V. Alignment Disguised as Strategy

India’s conduct during the Iran–US–Israel war reveals a clear departure from equidistance. The timing of Modi’s visit to Tel Aviv—just 48 hours before the outbreak of hostilities—was not diplomatically neutral. In international relations, symbolism is substance, and this gesture signalled alignment.

The absence of a strong condemnation following attacks on Iran’s leadership and killing of Ayatollah Khomeini further deepened this perception. Even symbolic acts of condolence were delayed and diluted, reflecting a hesitation rooted not in caution but in political alignment.

Simultaneously, India’s criticism of instability in the Gulf, without addressing the structural causes of the conflict, reinforced the impression that it had internalized the narrative of the US–Israel axis.

This alignment is not merely geopolitical but ideological. The affinity between sections of India’s ruling establishment and the Israeli state reflects a convergence of nationalist projects—each seeking legitimacy through exclusionary narratives.

VI. The Subordination to Imperial Power

The broader context of India’s foreign policy under Modi reveals patterns of subordination to American interests. Trade arrangements perceived as asymmetrical, compliance with directives on energy imports, and visible deference to US strategic priorities indicate a shift from autonomy to alignment.

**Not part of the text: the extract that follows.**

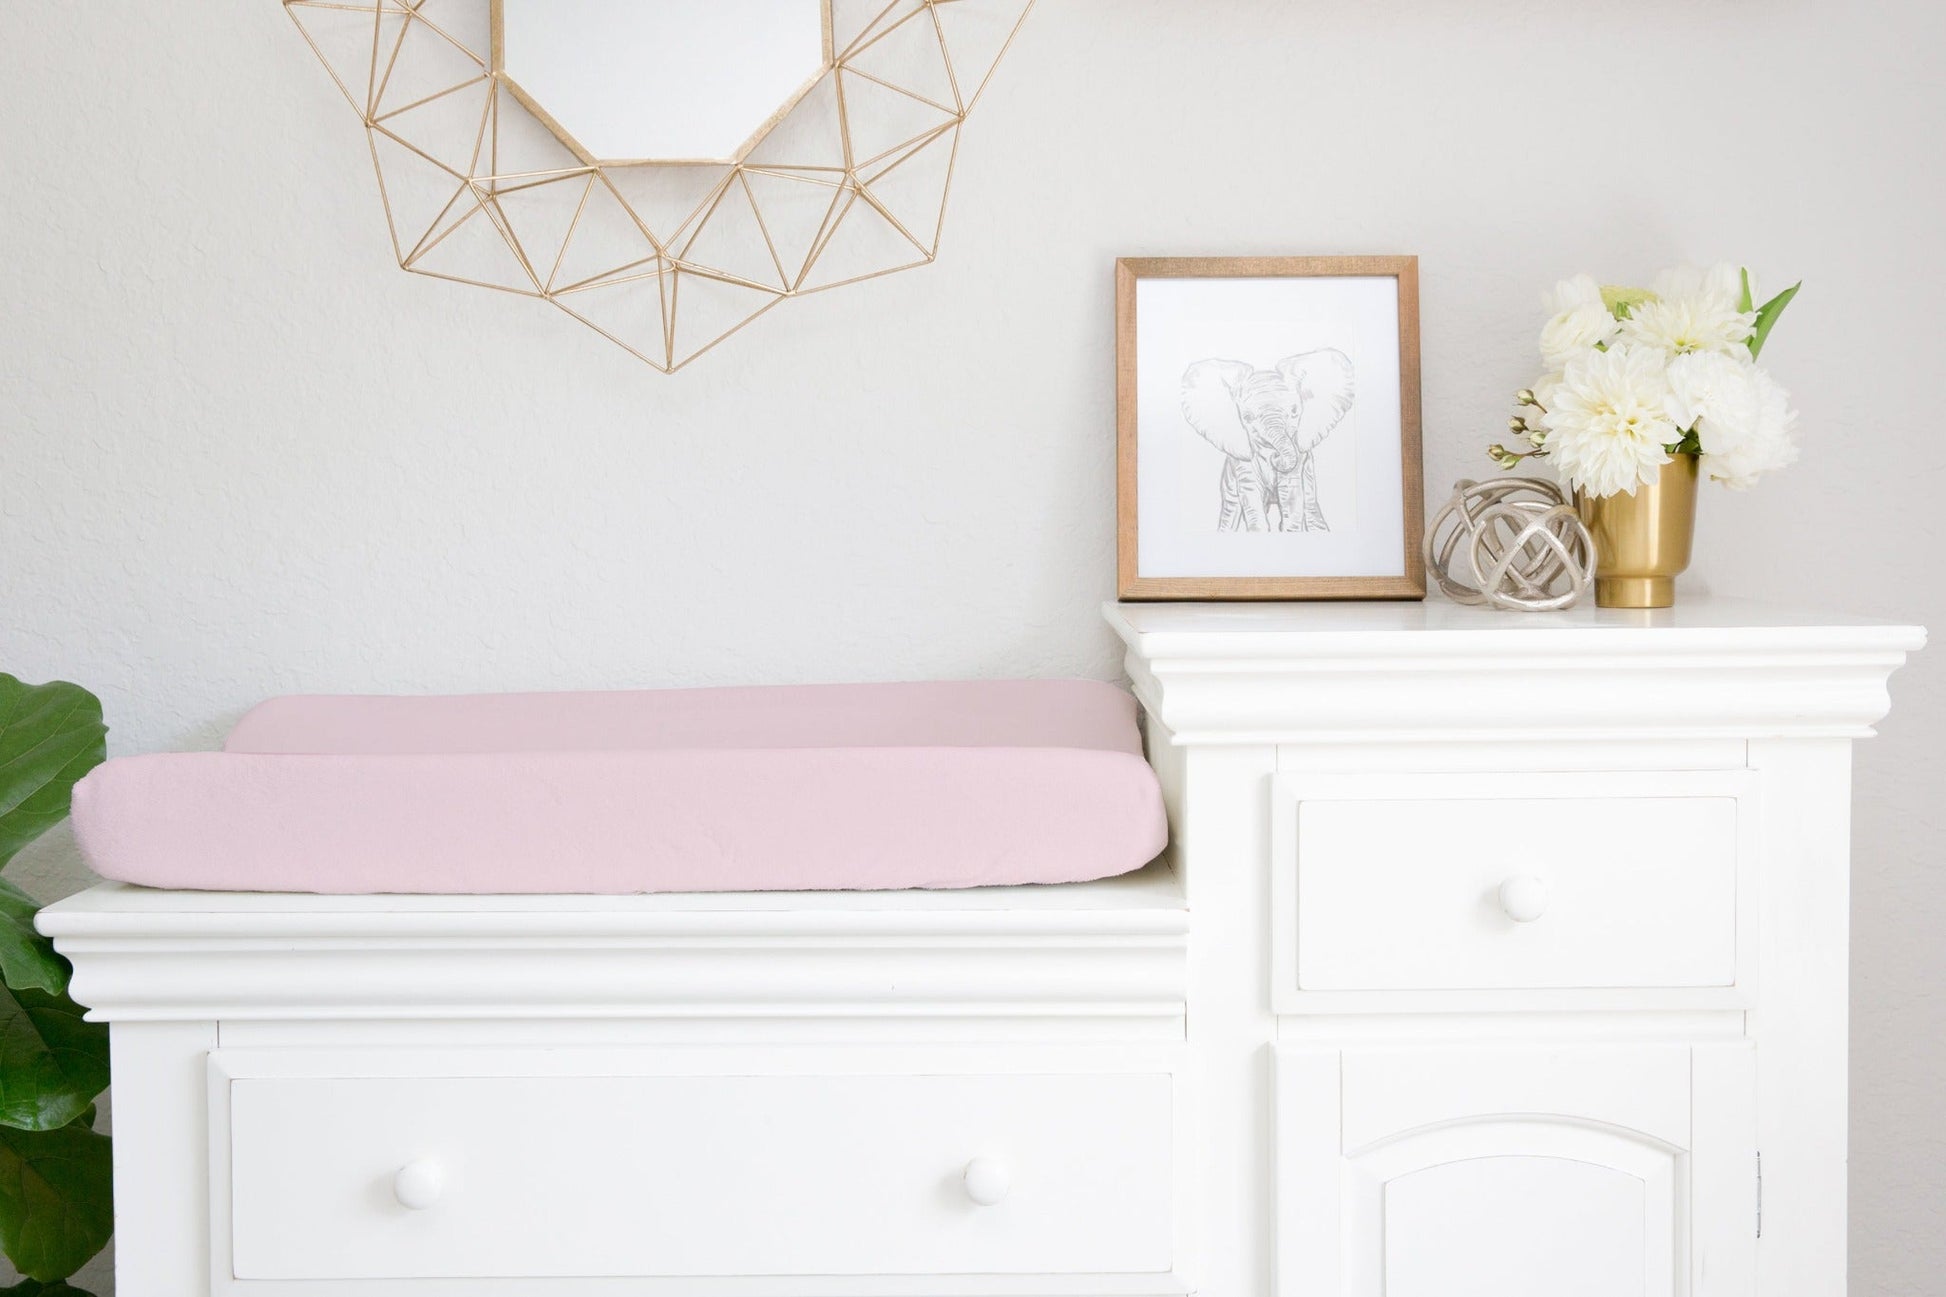 Light Pink Nursery Bedding, 2 - Piece Set - The Creative Raccoon

The role of Donald Trump in shaping these dynamics cannot be overlooked. The oscillation in India’s policy—whether on tariffs, oil imports, or diplomatic positioning—suggests a reactive rather than proactive approach.

This subordination becomes particularly evident during crises. As the war escalated, India appeared less as an independent actor and more as a peripheral observer, its choices constrained by external expectations.

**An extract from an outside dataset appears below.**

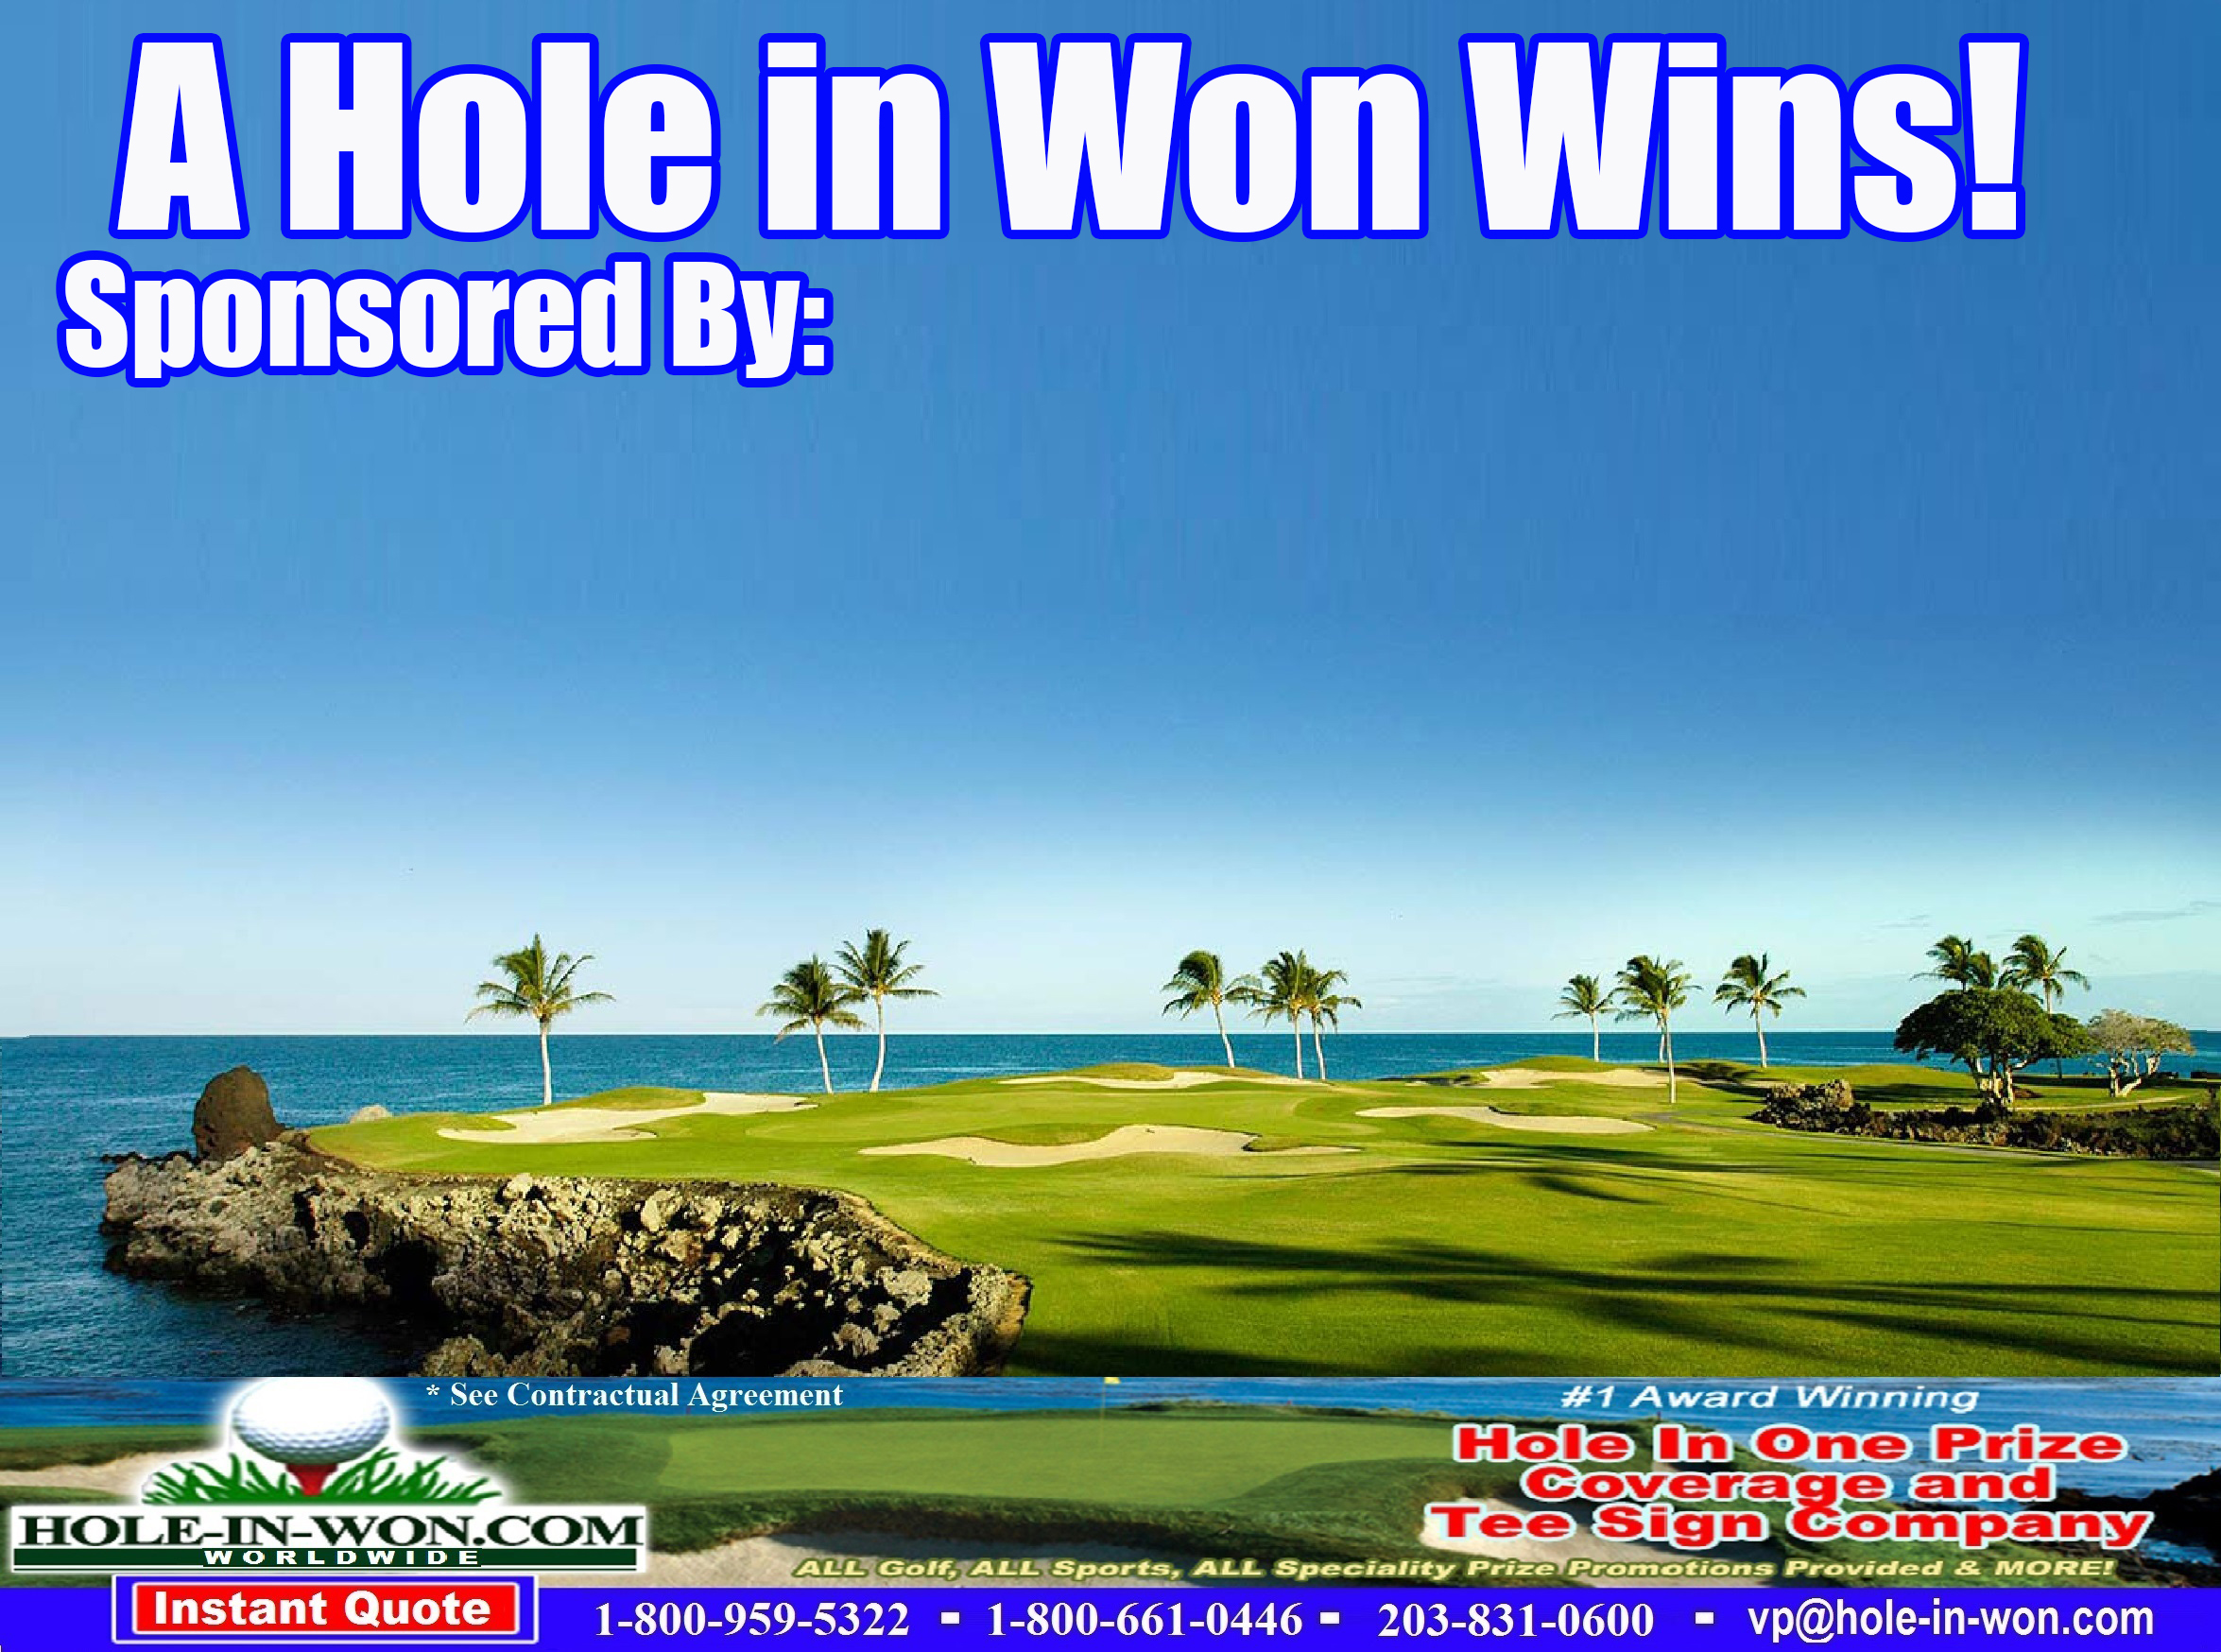 Hawaii Hole in One Insurance Golf Tee Sign

VII. Pakistan’s Strategic Insertion

In stark contrast, Pakistan has managed to position itself as a facilitator in the evolving diplomatic landscape. By maintaining engagement with multiple actors—including the US, Iran, and China—it has occupied a space that India historically claimed.

This development is not merely ironic; it is indicative of a broader shift. A state often marginalized in global discourse has leveraged the crisis to enhance its diplomatic relevance, while India, despite its economic and strategic weight, remains on the margins.

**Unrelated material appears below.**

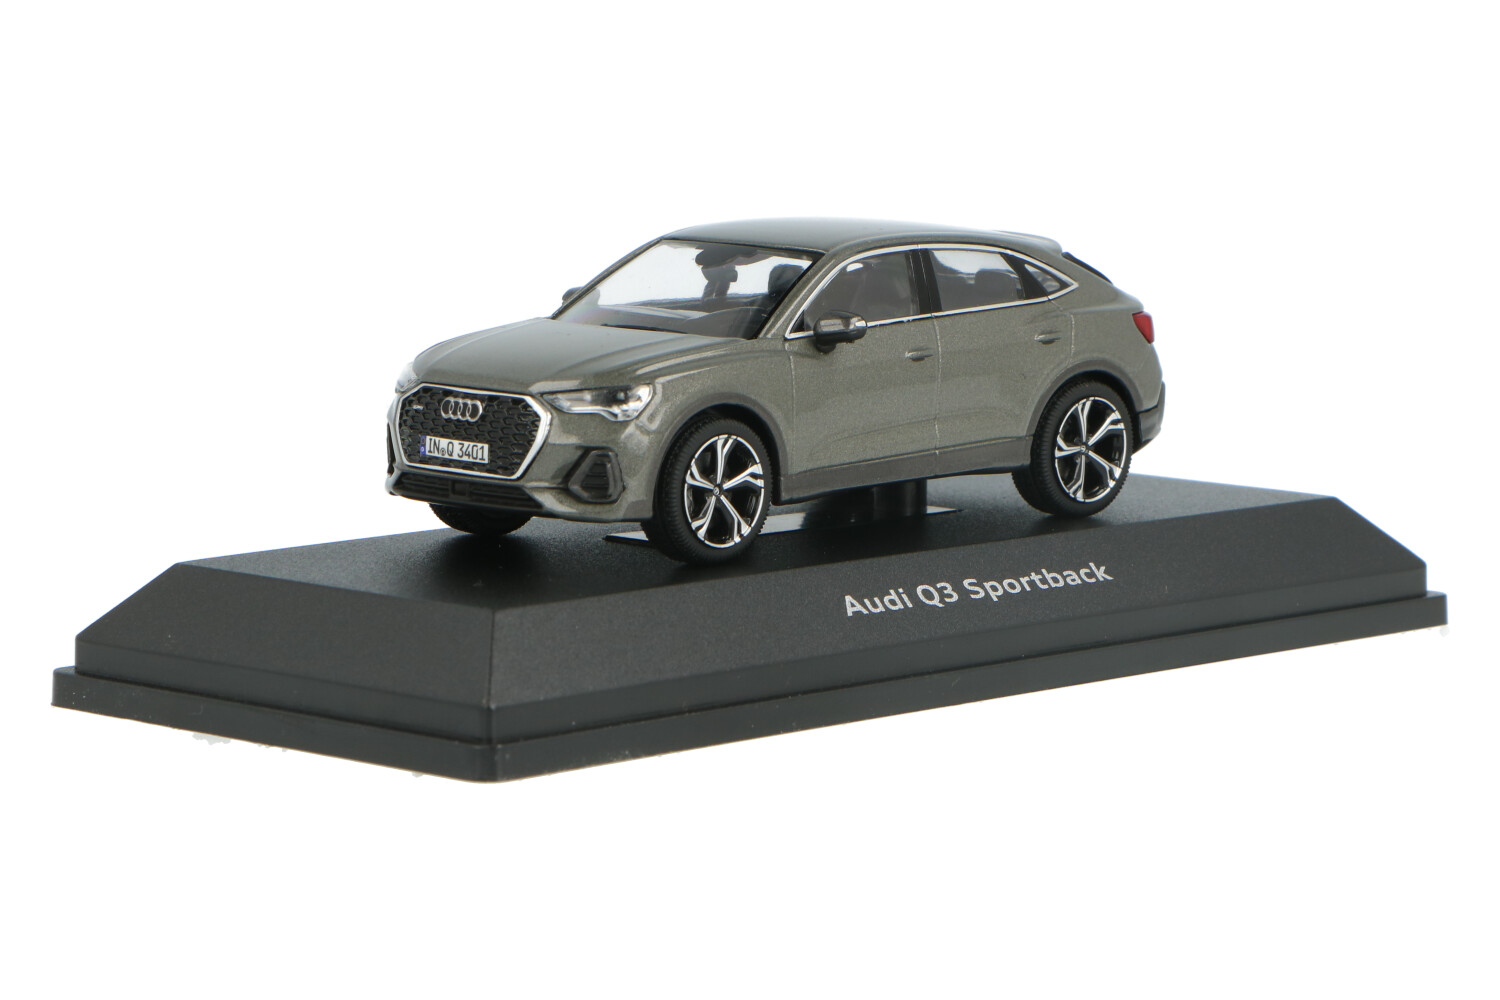 7 cm Model Toy Car Diecast Die Cast Miniature Grey Silver AUDI Q3 1:64

VIII. Operation Sindoor and the Myth of Global Support

The pattern of isolation is further reflected in the context of Operation Sindoor, where India reportedly found limited international backing. Countries such as Turkey, China, and Azerbaijan aligned more closely with Pakistan’s position.

The intervention of Washington in shaping ceasefire outcomes underscores a troubling reality: India’s strategic autonomy has been compromised to the extent that external powers can influence outcomes in its immediate neighbourhood.

IX. The Illusion of Vishva Guru

The dissonance between rhetoric and reality is perhaps most evident in the claim of India as a “Vishva Guru.” If India were indeed a guiding force in global affairs, its role in a crisis of this magnitude would not be peripheral.

The dispatch of parliamentary delegations to multiple countries in the aftermath of diplomatic setbacks during operation sindoor reflects an implicit acknowledgment of this gap. It suggests a reactive attempt to rebuild credibility rather than a confident assertion of influence.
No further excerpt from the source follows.